Cover up warning for tattooed stars

ENGLAND’S tattooed stars will have to cover up at next year’s World Cup — so the Japanese locals don’t mistake them for Yakuza gangsters.

Players like Courtney Lawes, Jack Nowell, Joe Marler and Manu Tuilagi are all covered in ink, with body art down their arms and across their torsos.

But with a year exactly to the big kick-off, tournament chiefs have warned players to take note, as locals believe people with body art belong to organised crime gangs.

“We will make people aware, around the facilities players will use in Japan, that people with tattoos in a Rugby World Cup context are not part of the Yakuza, the Japanese mafia,” Japan 2019 chief Alan Gilpin said.

“That’s where the issue comes from. We have done a lot in the last year or so with the teams to get them to understand that.

“If they are using a public pool, they will have to cover up. Players will also have to wear different trainers indoors and outdoors. It will all be self-policing.
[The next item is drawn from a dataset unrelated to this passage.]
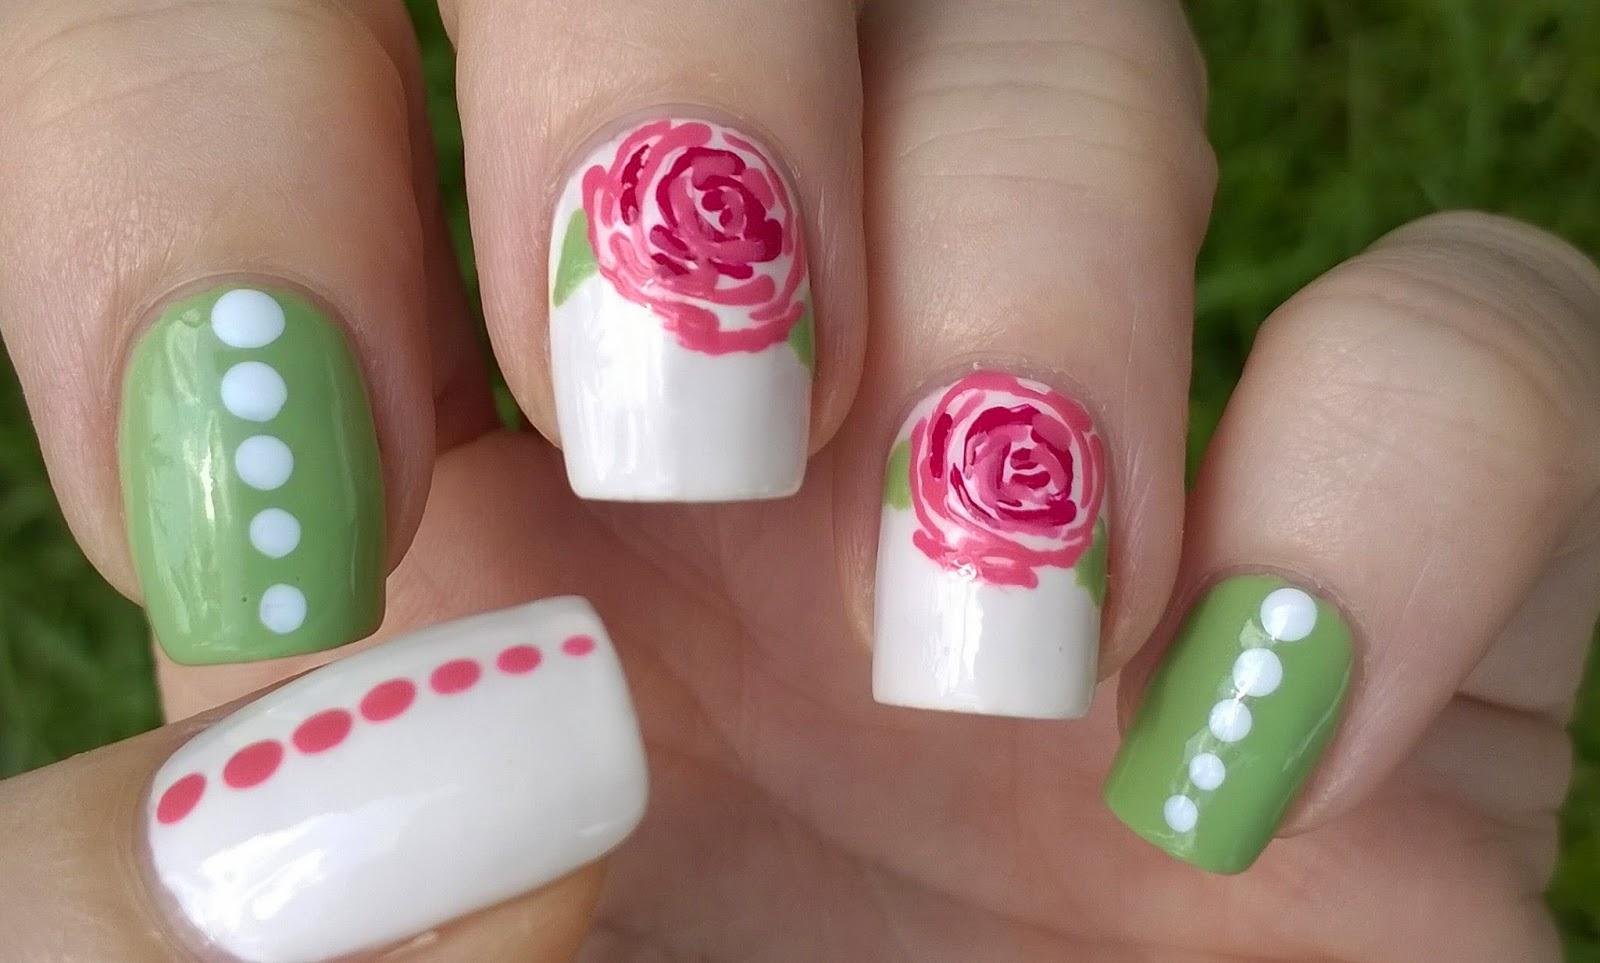 Life World Women: Romantic Rose Nail Art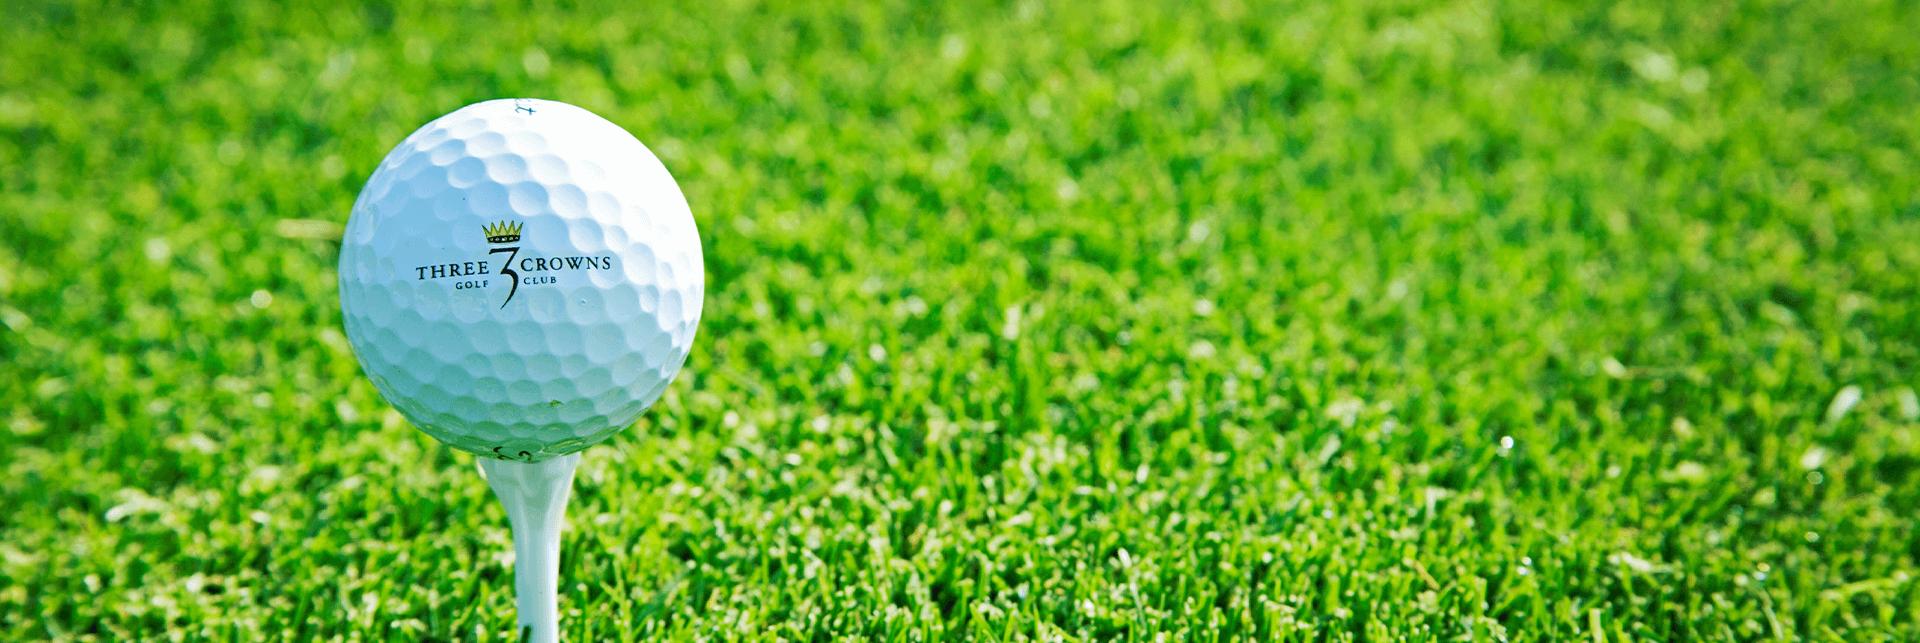 Three Crowns Golf Club Hero

“We won’t force any teams to cover up but they will want to because they want to be seen to be respecting the culture. Whether it is Scotland, Ireland, Wales or Italy, who have all been there recently, they all get it.”

As well as preparing for the cultural change teams will also have to be on red alert in a country that is hit by a whopping 480 earthquakes a year.

Just this month Japan was hit by its strongest typhoon for 25 years.

Then days later a devastating earthquake, hitting 6.7 on the Richter scale, killed 39 people.

Sapporo, where England begin open their Pool C charge against Tonga on September 22, was also hit.

So contingency plans are already in place if a natural disaster were to hit during the tournament.

Gilpin added: “It’s a real hot topic for us right now.

“Teams will be arriving next year at a time when this year Japan has experienced a pretty significant typhoon and earthquake.

“We are planning right through from what happens if a team hotel or training venue is lost to what happens if one or more match venues are lost. We are working through all these scenarios.

“It’s a complex piece and something we would do for every tournament, but this one has a heightened sense of realism to it. We have to take it seriously.

“But there’s also a heightened sense of comfort that Japan deals with these issues all the time. It’s not as though we’re dealing with a one-off here. As they very calmly tell us, 480 earthquakes a year.

“Their venues and hotels are built to withstand incredible adverse conditions, so in some respects they are less affected.

“What you tend to see in Japan is generally it’s older buildings and structures that are affected when they have either earthquakes or typhoons.”

Along with the England team, New Zealand and Australia will also go out of their way to respect the Japanese culture by covering up their tattoos.

The World Cup will be played in Japan for the first time in 2019.